Greetings,
We are using RE2/J to attempt to detect which pattern matched an input, out of a fairly long disjunction of patterns. In other words, we are using the engine like the following (simplified example).
if (Pattern.compile("abcd|efgh|ijkl").matches(input)) {
// pattern set 1 matched
} else if (Pattern.compile("mnop|qrst|uvwx").matches(input)) {
// pattern set 2 matched
}
// etc.
This is working well, but I was trying to figure out if it would be more efficient to somehow have a single RE2 instance, and use some other kind of metadata to detect whether "pattern set 1" or "pattern set 2" had actually matched. So first I tried updating to RE2/J 1.3, which adds support for named groups, and writing something like
Matcher matcher = Pattern.compile("(?P<1>abcd|efgh|ijkl)|(?P<2>mnop|qrst|uvwx)").matcher(input);
try {
matcher.group("1");
// pattern set 1 matched
} catch (IllegalArgumentException e) {
// pattern set 1 did not match
}
// etc.
This was unsurprisingly very slow, and not just because of the exception handling (I made a quick tweak to add a hasGroup method to avoid the exception handling overhead, which didn't really help).
Next, I tried implementing a new "mark" and instruction in RE2, to simply mark an integer in a bitmask during machine evaluation.

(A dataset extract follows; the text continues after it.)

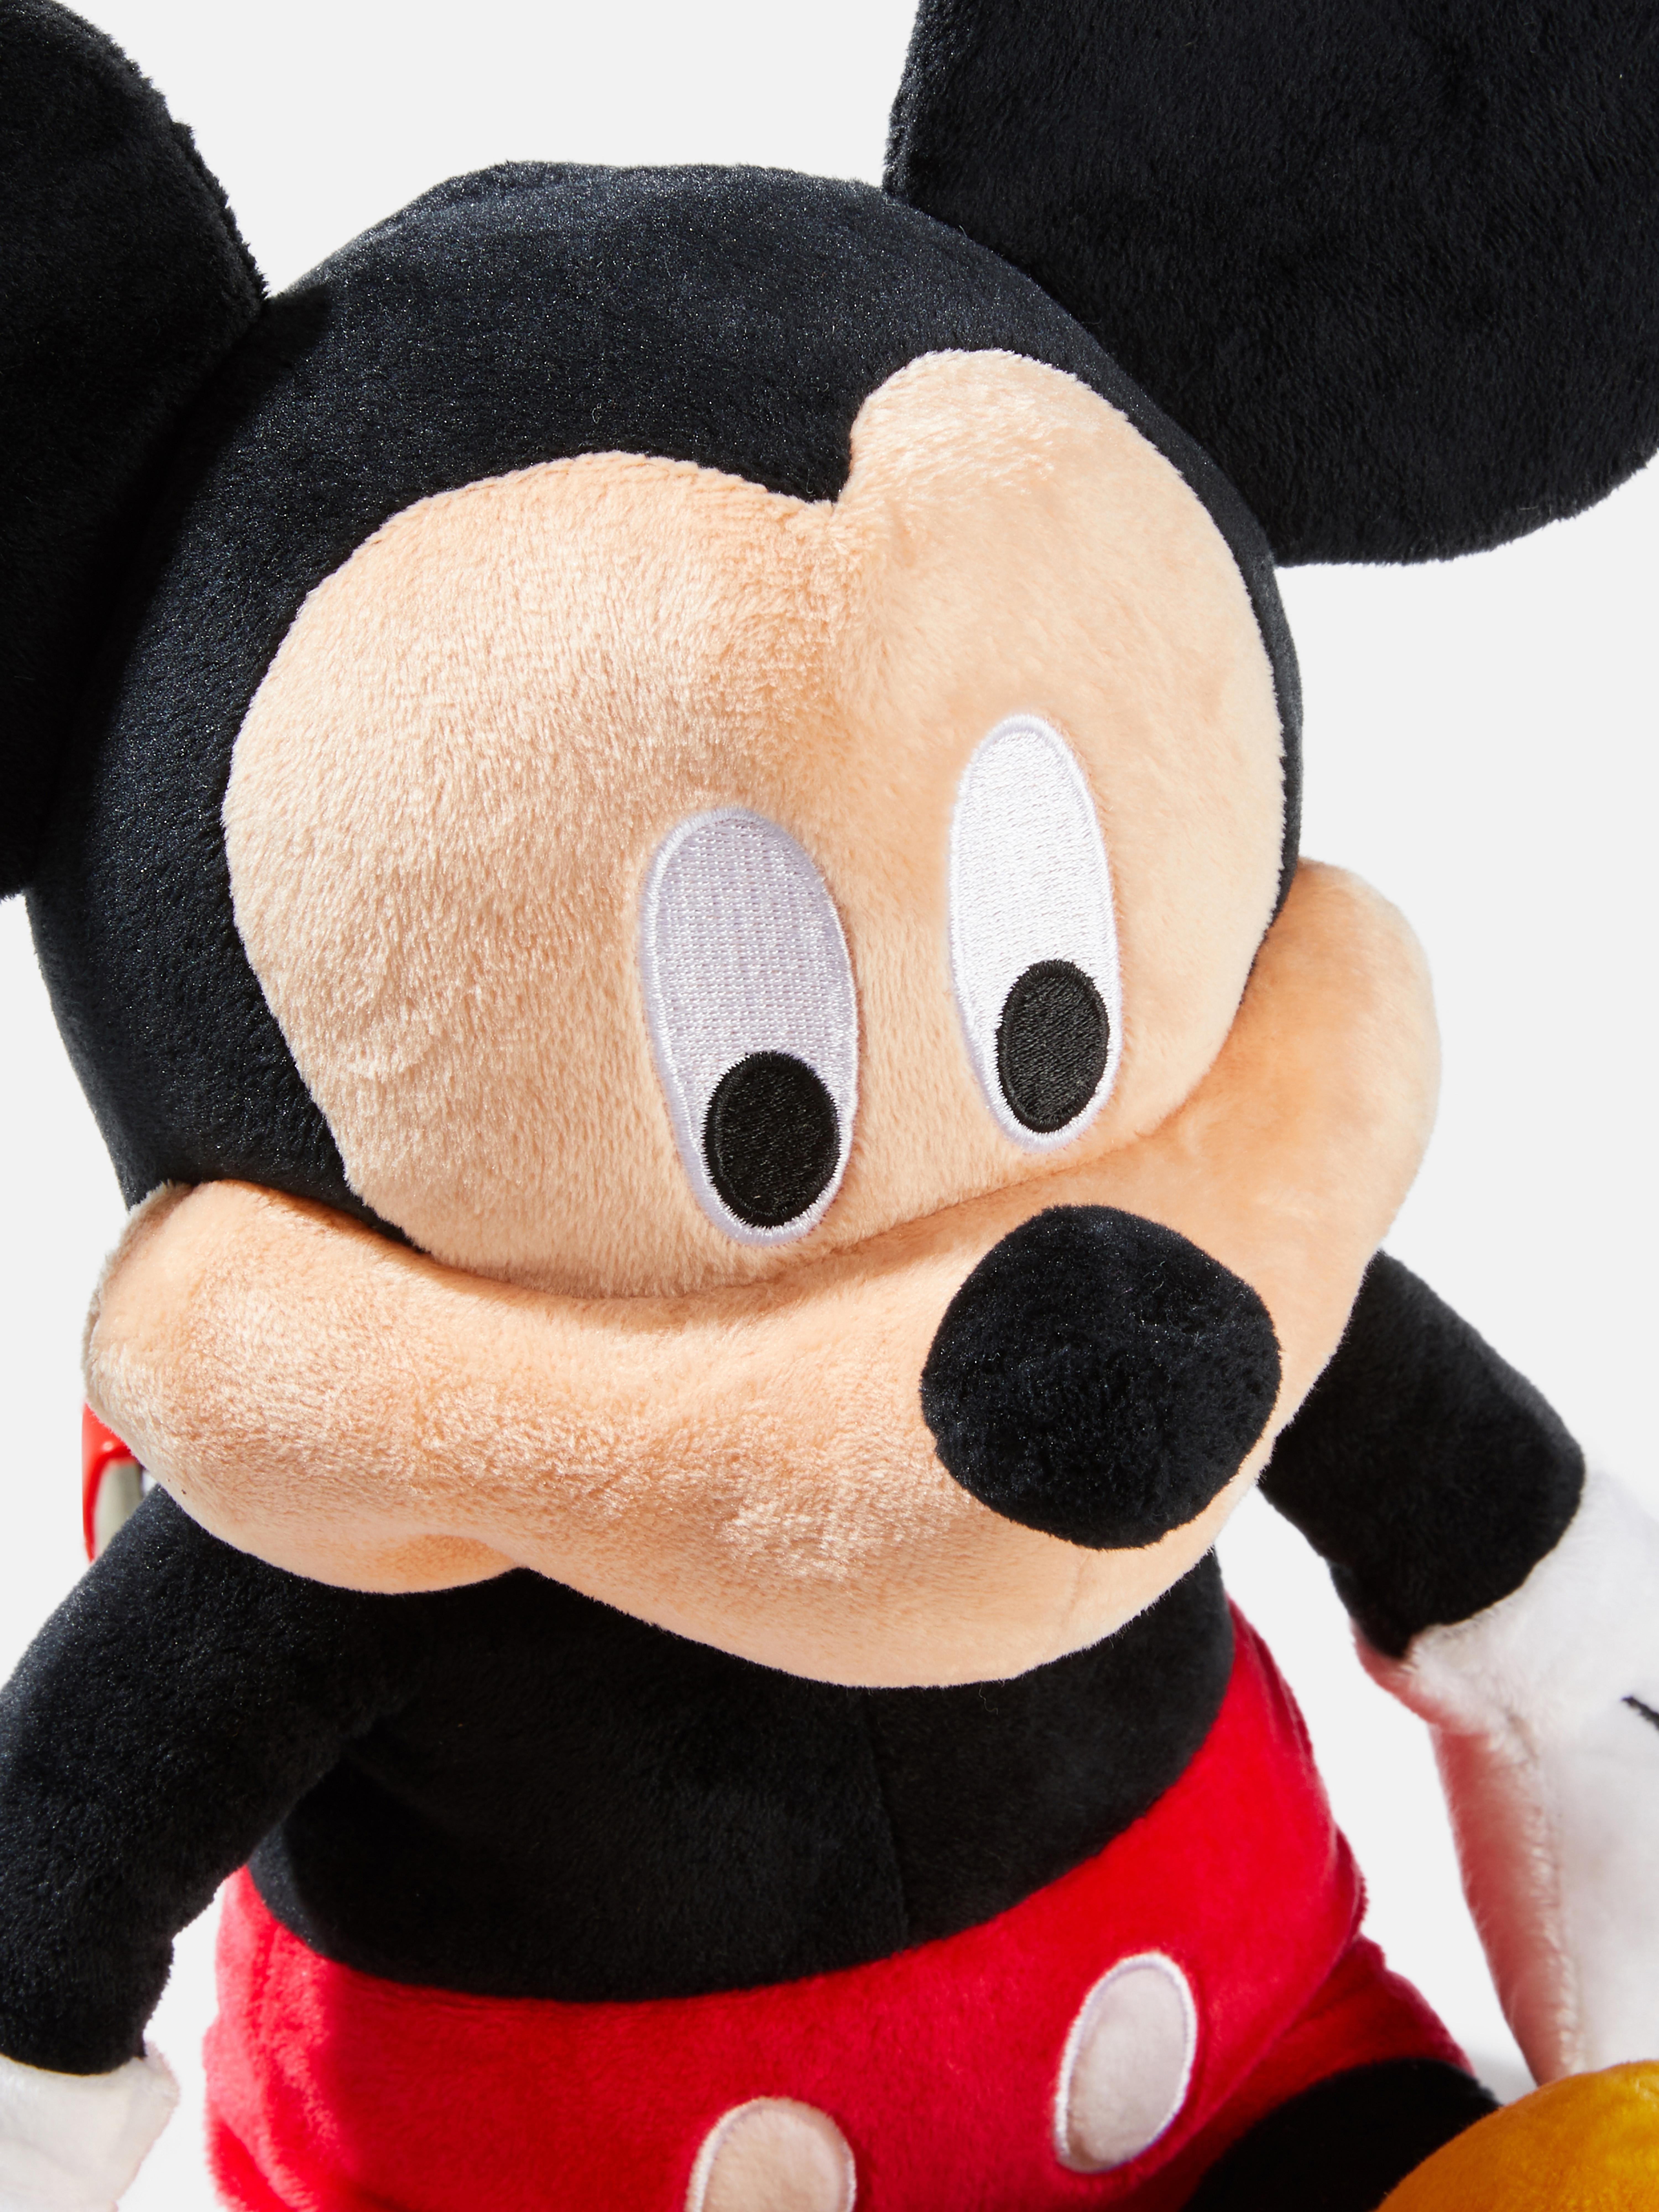 Disney's Mickey Mouse Plush Toy

So instead of the above, we could have
Matcher matcher = Pattern.compile("(?M<1>abcd|efgh|ijkl)|(?M<2>mnop|qrst|uvwx)").matcher(input);
if (matcher.getMarks().get(1)) {
// pattern set 1 matched
} else if (matcher.getMarks().get(2)) {
// pattern set 2 matched
}
// etc.
You can see the commit that implements this
here. It seems to work fine (aside from some corner cases, which I would need to fix if proceeding), but performance is actually not very good when I plug this into our "real" code. I'm not sure if that is due to the fact that certain optimizations in Parser are unavailable to me when using the marks (ex: maybeConcat), or if it's because a longer NFA of the disjunction of two patterns performs worse than two separate NFA instances for each separate pattern, beyond a certain point of complexity, or if it's due to some other reason.
Does this seem like it has the potential to work, if I implement more optimizations? Is the general idea fine but I'm on the wrong track? Or is what I'm trying to accomplish fundamentally impossible? Any feedback is welcome; thanks.